None of the Green New Deals address this fundamental problem. The NEF New Deal suggest that there *might* need to be a global jubilee of debt cancellation, an extraordinary amnesty for debtors. However, during energy descent, an economy with a debt based money system would face the need to do this again and again....

....Or it would happen again and again if the banks could be induced to lend and companies to borrow. However, in energy descent that appears to be rather unlikely using current lending models. The risks and challenges of a transition to the different economic structure needed at this time are so great that conventional debt finance is not going to be very useful anyway. There will be no "return to normal".  

Because of climate change and peak oil risks in the real economy are going to be much higher. Thus capital providers will need to spread risks. But they will also want to have a deep knowledge of what they are investing in and with whom they are investing. That means a personal and deep knowledge between capital providers and capital users in real relationships. They will also want to feel they can rely on state backing.  That is nothing like the global securitisation and innovation trash that we have seen over the last decades.  

What we need instead are financial institutions with some responsibility to local communities and real relationships where investors share risks with project developers by funding though taking equity stakes. That means sharing in gains but sharing in any losses too. This is the alternative to a debt relationship which attempts to foist all the risks on borrowers while lenders kid themselves that the risks are low because there have insurance against credit default in derivatives markets.  

In all of that there will be a place for financial intermediation between savers and people involved in productive capital investment. But the financial system cannot and will not be anything like the existing banking or shadow banking system. The creation of money is too important to be left in the hands of bankers. They have amply demonstrated that they cannot be trusted to create the money on which we all depend. The current crisis was created on the back of an asset price speculative bubble and had virtually nothing to do with productive investment at all.  

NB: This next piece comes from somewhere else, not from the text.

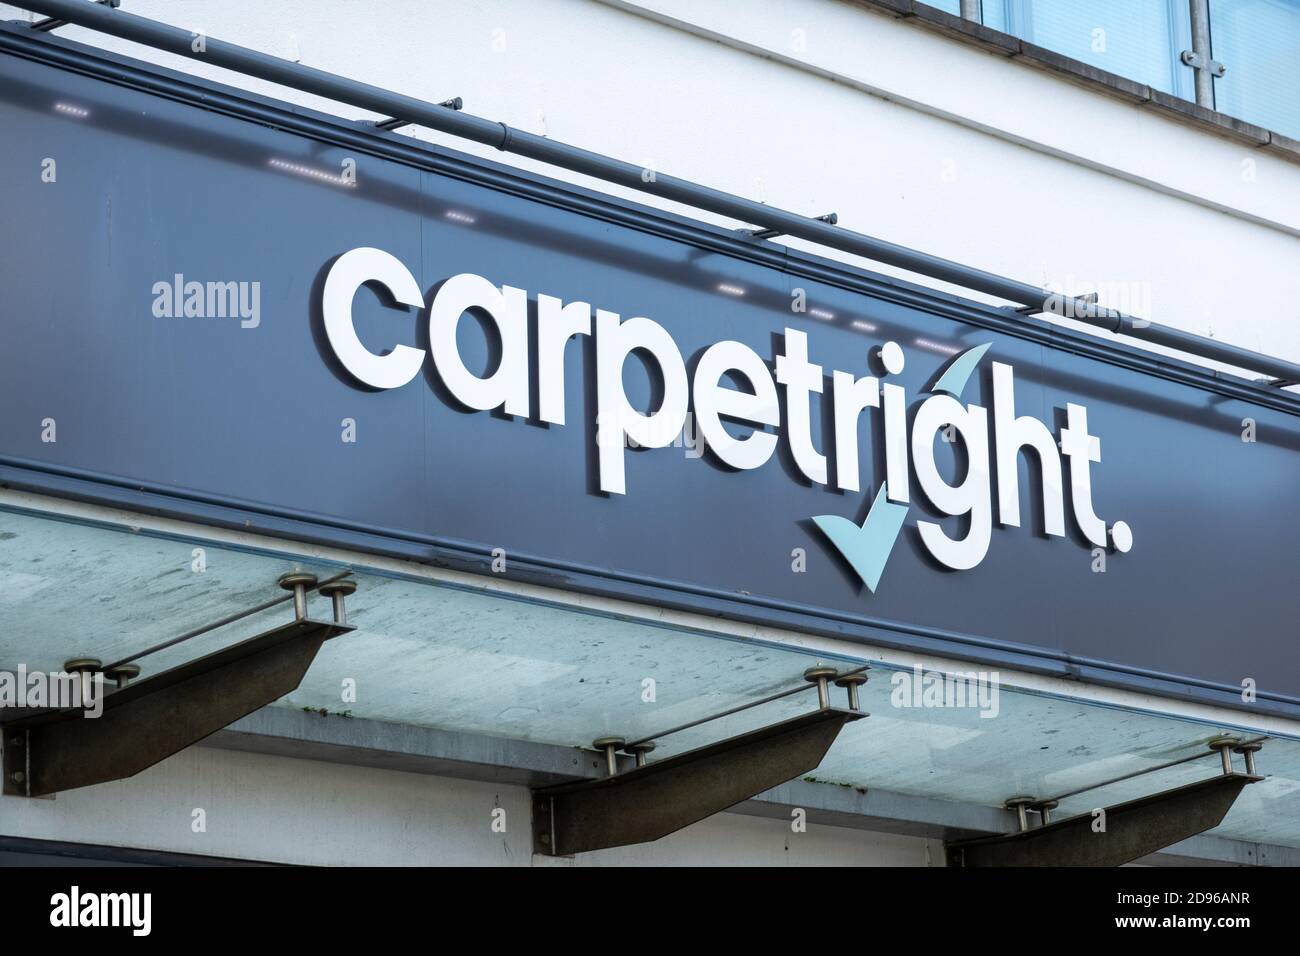 Carpetright Shop Front High Resolution Stock Photography And Images Alamy
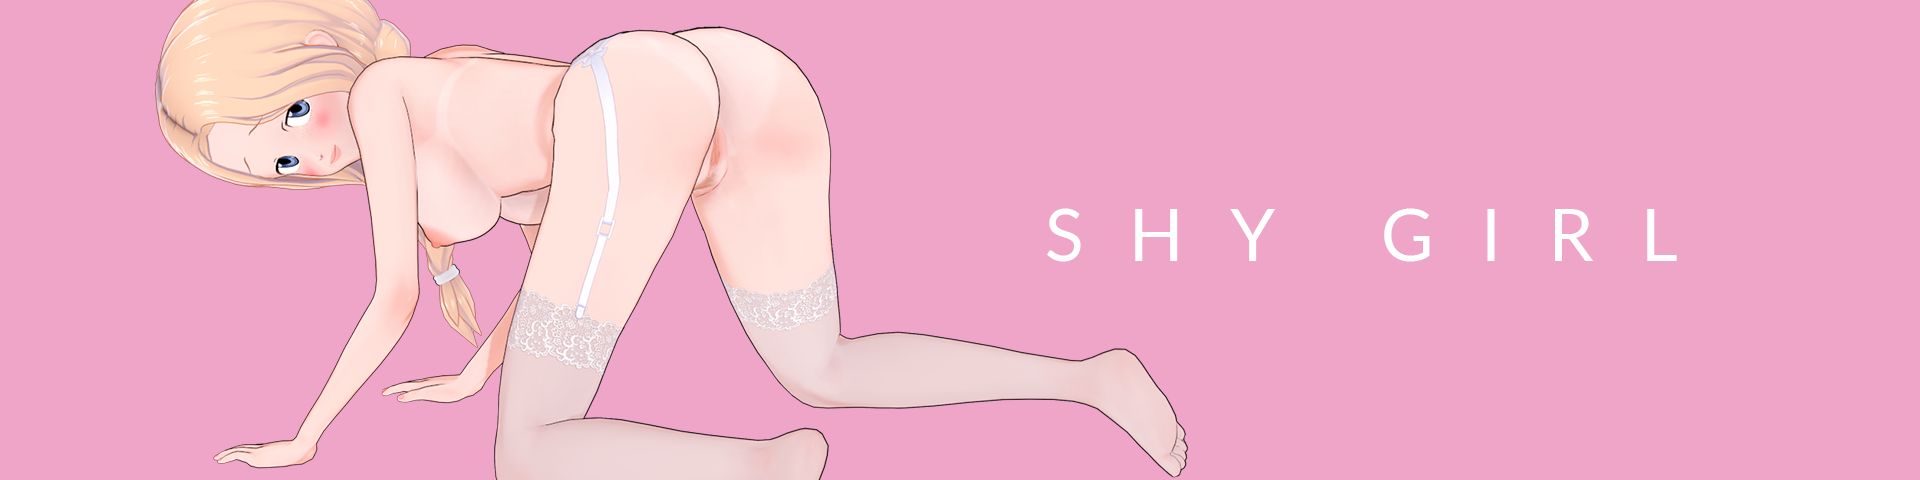 Shy Girl Apk Android Adult Game Download (16)

In conclusion. let's go back to first principles. We are all dependent on money for transactions as a collective arrangement that is the core to exchange relations within society. As such the money system can be described as a social and cultural commons - no one person or institution invented it or created it. It has been the result of a historical process in which all of society participates. Yet this commons, which should be managed as such, in the interests of all, has been privatised and run in the interests of private corporations. The people who run the banks know that because they are running a commons as their private fiefdom they have the rest of us, as taxpayers, over a barrel. They have to be rescued because otherwise all our arrangements for meeting our most basic needs will collapse.

There is thus a structural fault in the system - a commons is not being managed as a commons, it is being managed privately. The real solution, the one that gets to the root of the problem, is the one that makes the process of money creation a matter for an accountable public body to fulfill in the interests of everyone in society equally. That means forbidding to the banks or any private individual or institution the right to create money. A public body should do this, creating only so much money at the economy needs,  and then either giving this money into circulation to everyone equally or making the available money to other accountable public bodies like elected governments to spend into circulation.